*DATA SECTION*
============================================================
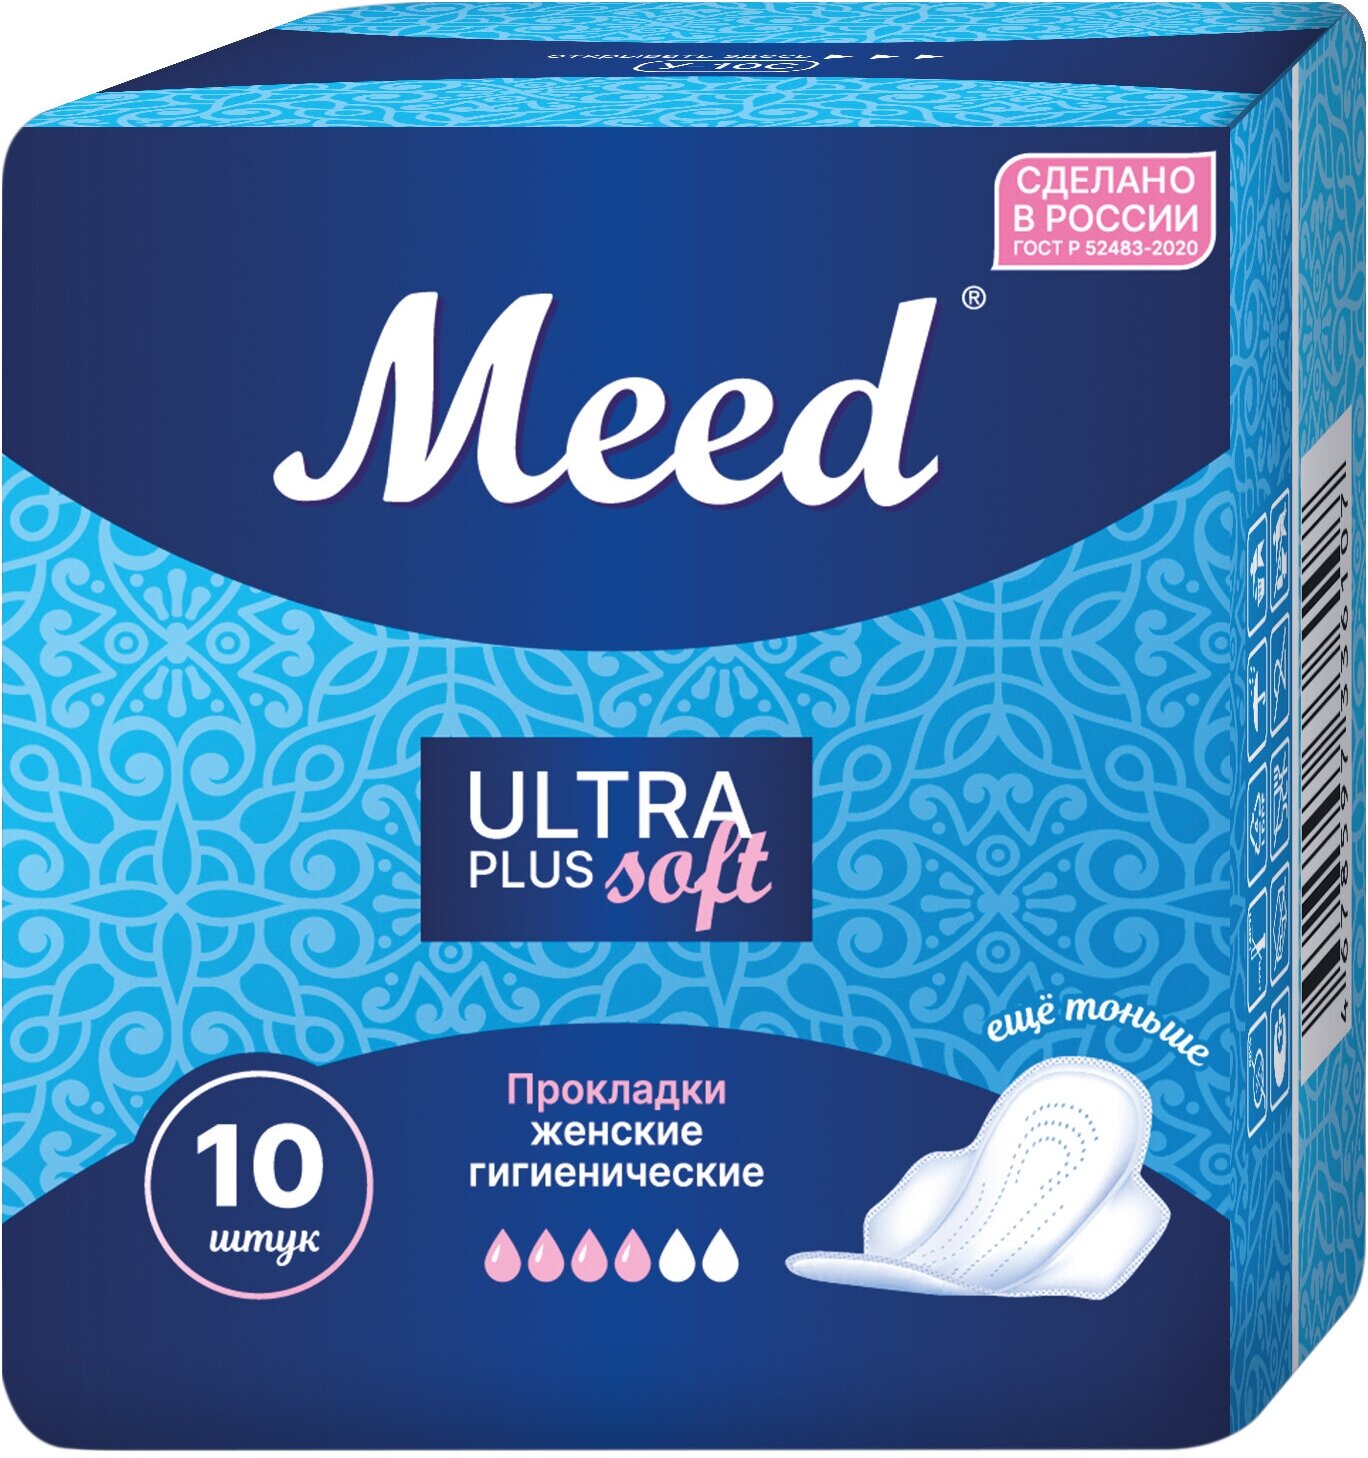 Женские прокладки MEED Ultra Plus Soft (10 шт.), гигиенические, с крылышками, 4 капли
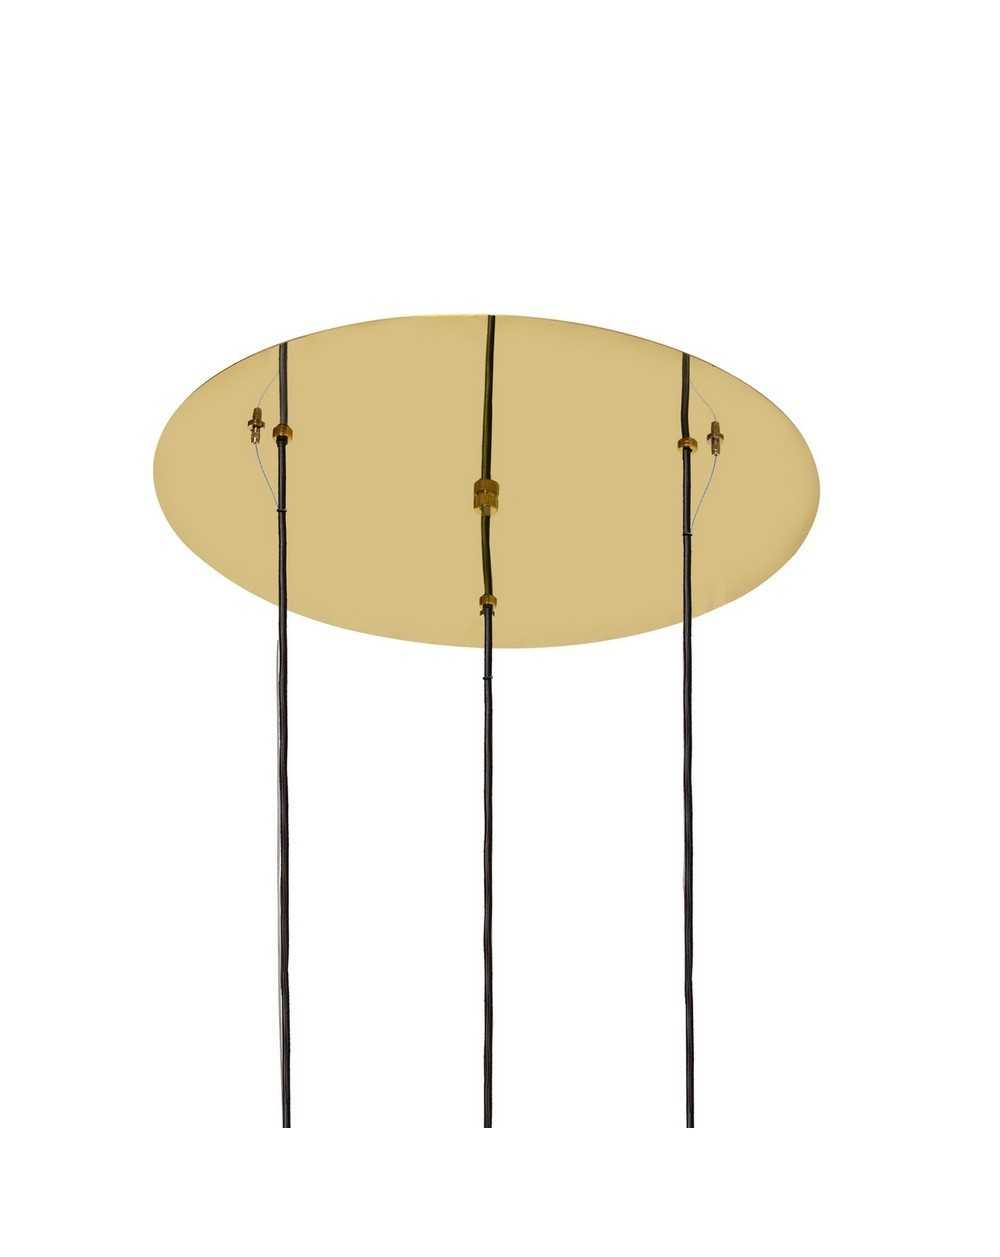 CLOE PLAFON 3 - Lampa wisząca trzypunktowa złoto biała
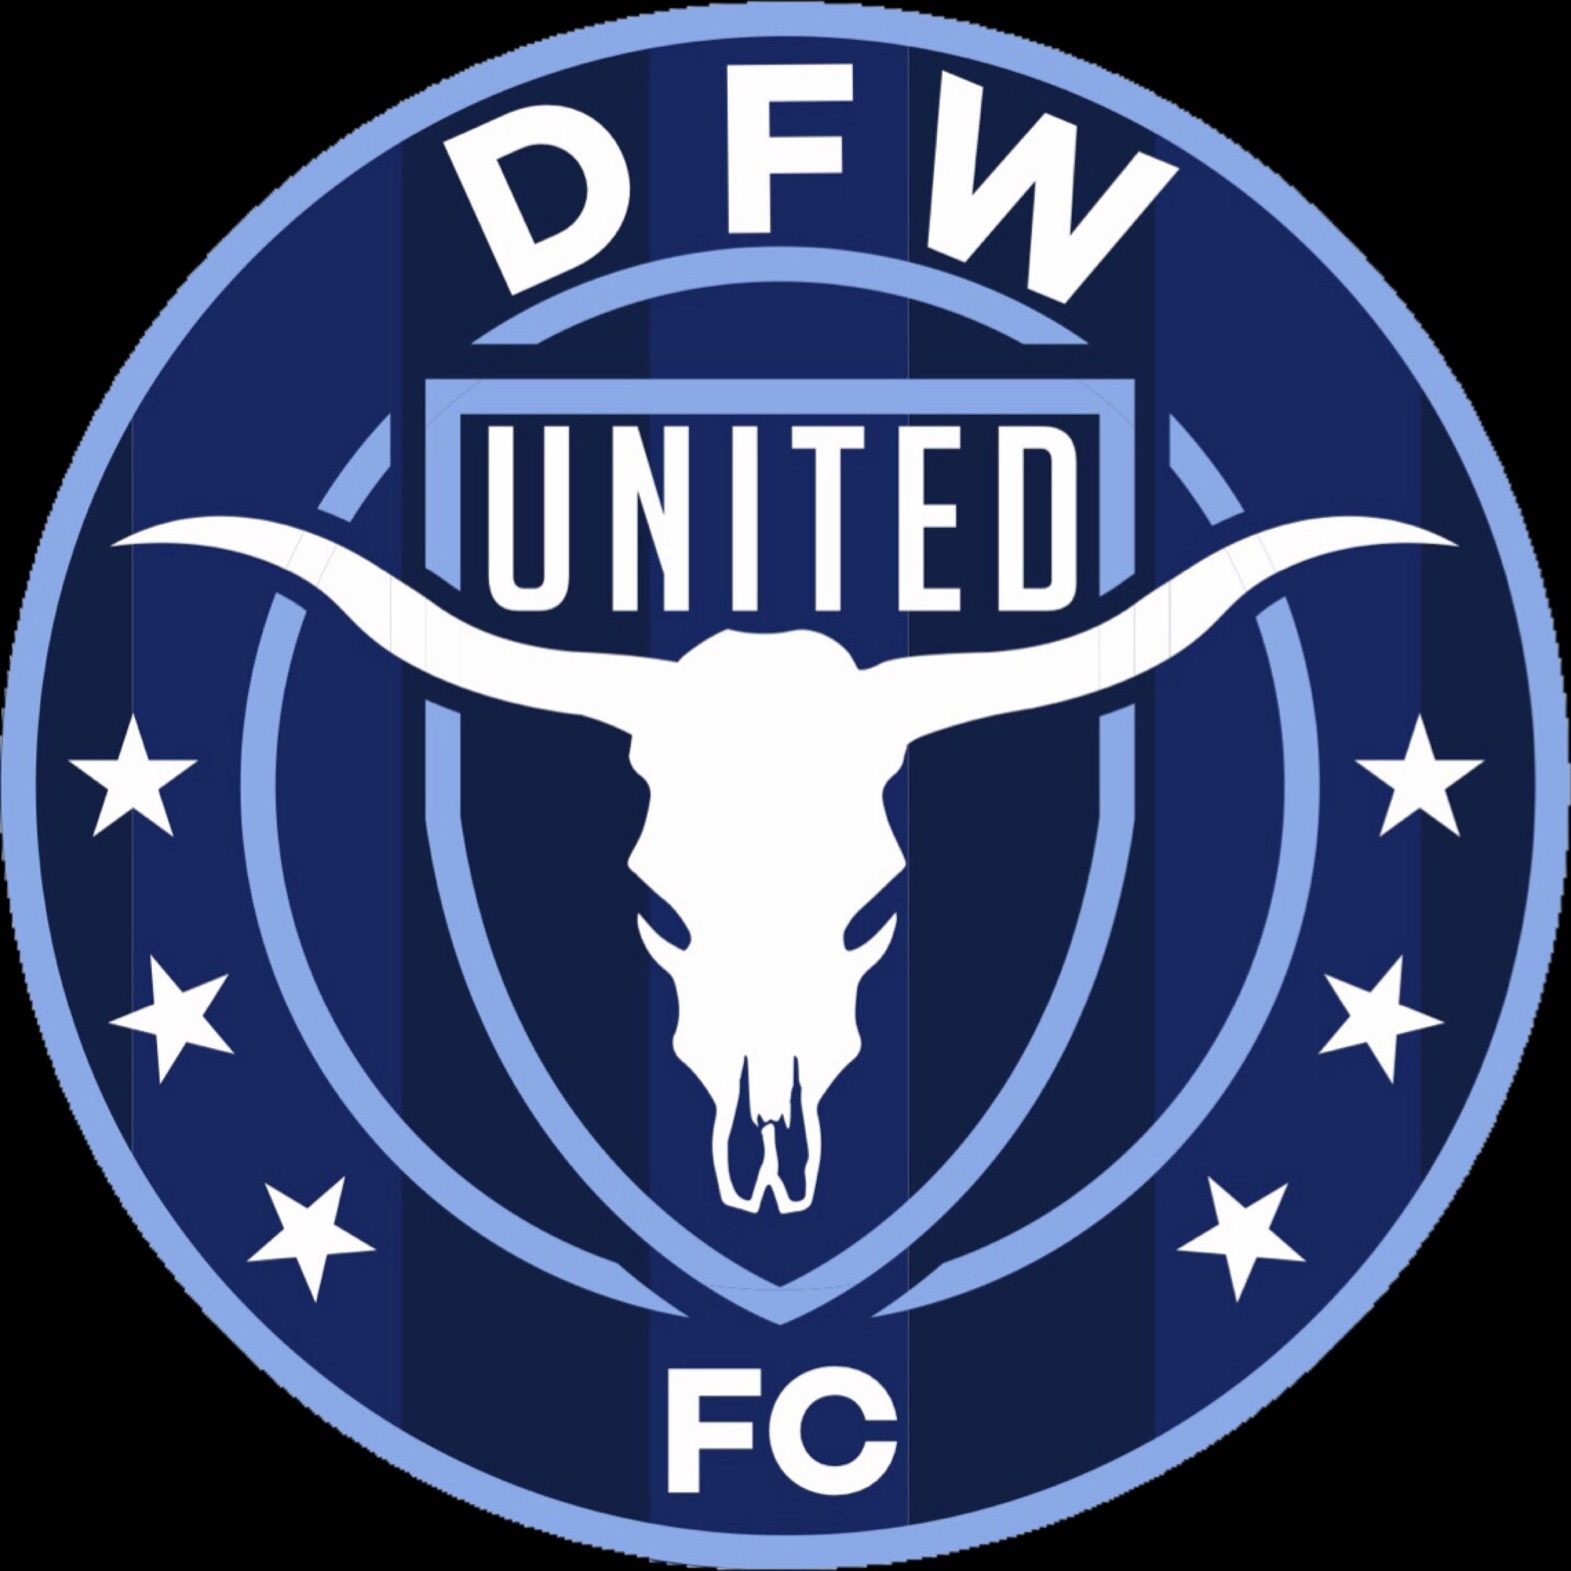 DFW UNITED FC team badge
============================================================
*THE TASK*
Would you copy all the material exactly, dropping the pictures?

*PROBLEM SOLUTION*
 Женские прокладки MEED Ultra Plus Soft (10 шт.), гигиенические, с крылышками, 4 капли
 CLOE PLAFON 3 - Lampa wisząca trzypunktowa złoto biała
 DFW UNITED FC team badge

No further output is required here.